In his latest cookbook, Afro-Vegan: Farm-Fresh African, Caribbean, and Southern Flavors Remixed, Terry combs through the African diaspora around the globe. The result: 100 meat-free recipes that bridge the gap between veganism and African flavors from the Middle East, the Caribbean and elsewhere. The book is for those who want to skip the tofurkey and “bland” vegan fare, Terry explains. He offers diverse dishes, such as the cardamom-spiced Tofu Curry With Mustard Greens, which was inspired by the steaming fish curries that waft through Tanzania. The sweet Coconut Basmati Rice Pudding pays homage to the thriving Afro-Brazilian community of Salvador da Bahia.
It’s about getting people to eat real food again … and using the dinner table as a way to bring community together.
— Bryant Terry
And there’s a personal twist: Each page is paired with a recommended book, favorite song or personal anecdote, which takes readers on Terry’s full-flavored journey of “cutting, pasting, reworking and remixing” Afro-centric ingredients. “It’s this idea of looking backward as we move forward,” he explains.

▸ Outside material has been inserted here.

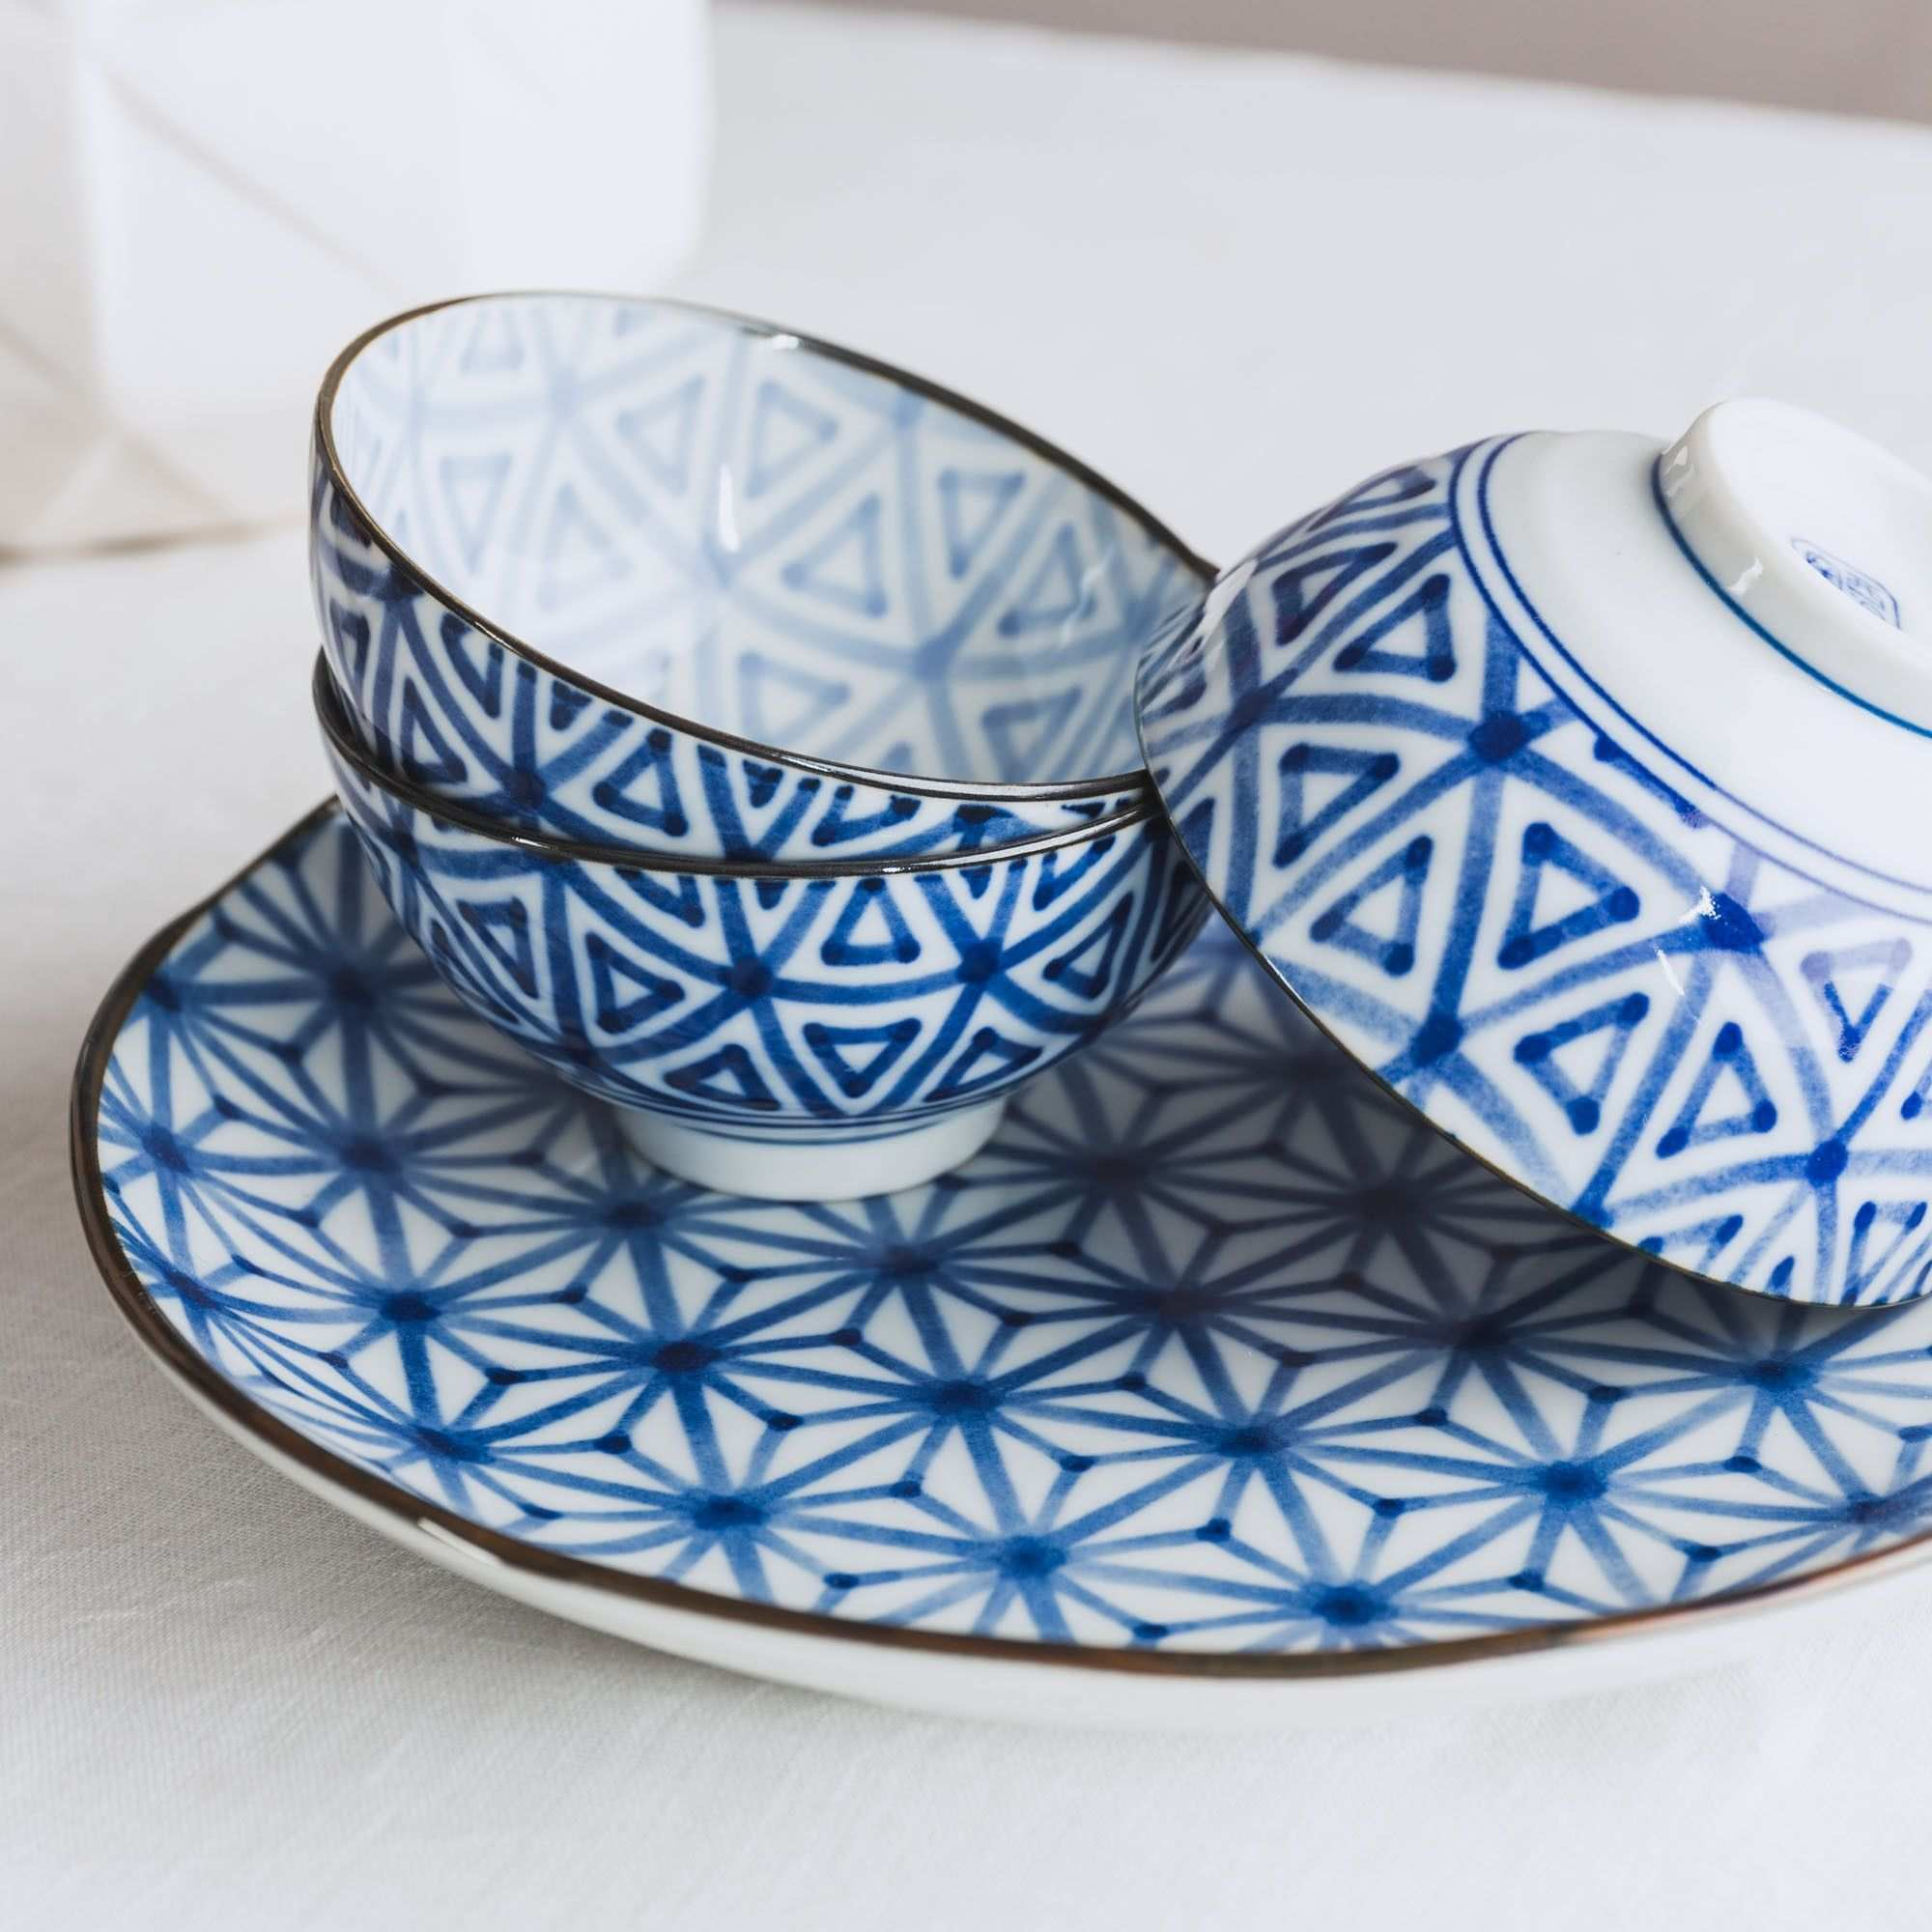 Teller Onuma Geschirr Keramik Diy Geschirr

Of course, Memphis-born Terry is no stranger to the deepening health problems among African-Americans in the U.S. According to a 2012 study from the Journal of the Academy of Nutrition and Dietetics, less than 6 percent are getting the recommended amount of vegetables of 2 ½ cups a day, and less than 15 percent are eating enough fruits. So for Terry, who is also a longtime food justice activist, what we eat is a political issue as well as a culinary experience. “It’s about getting people to eat real food again, getting people to re-embrace these traditions of growing food locally, making food from scratch and using the dinner table as a way to bring community together,” he says.
But Adrian Miller, a soul food scholar and food historian, admits that Terry’s job won’t be easy. “It’s an uphill education effort because a lot of African-Americans don’t know much about veganism. It is a middle-class or white-people perspective on food,” he says. “There are older folk who say it’s not soul food unless you got [sic] some pork swimming in it.”
Yet both Terry and Miller explain that organic foods and farm-fresh veggies can be traced back to African slaves in the 1800s. In fact, Africans were one of the first so-called vegans on plantations, where meat was a luxury but peas, beans and greens were more plentiful, Terry says. “African people are the original green people, the original farm-to-table and garden-to-table people,” he told Ebony magazine.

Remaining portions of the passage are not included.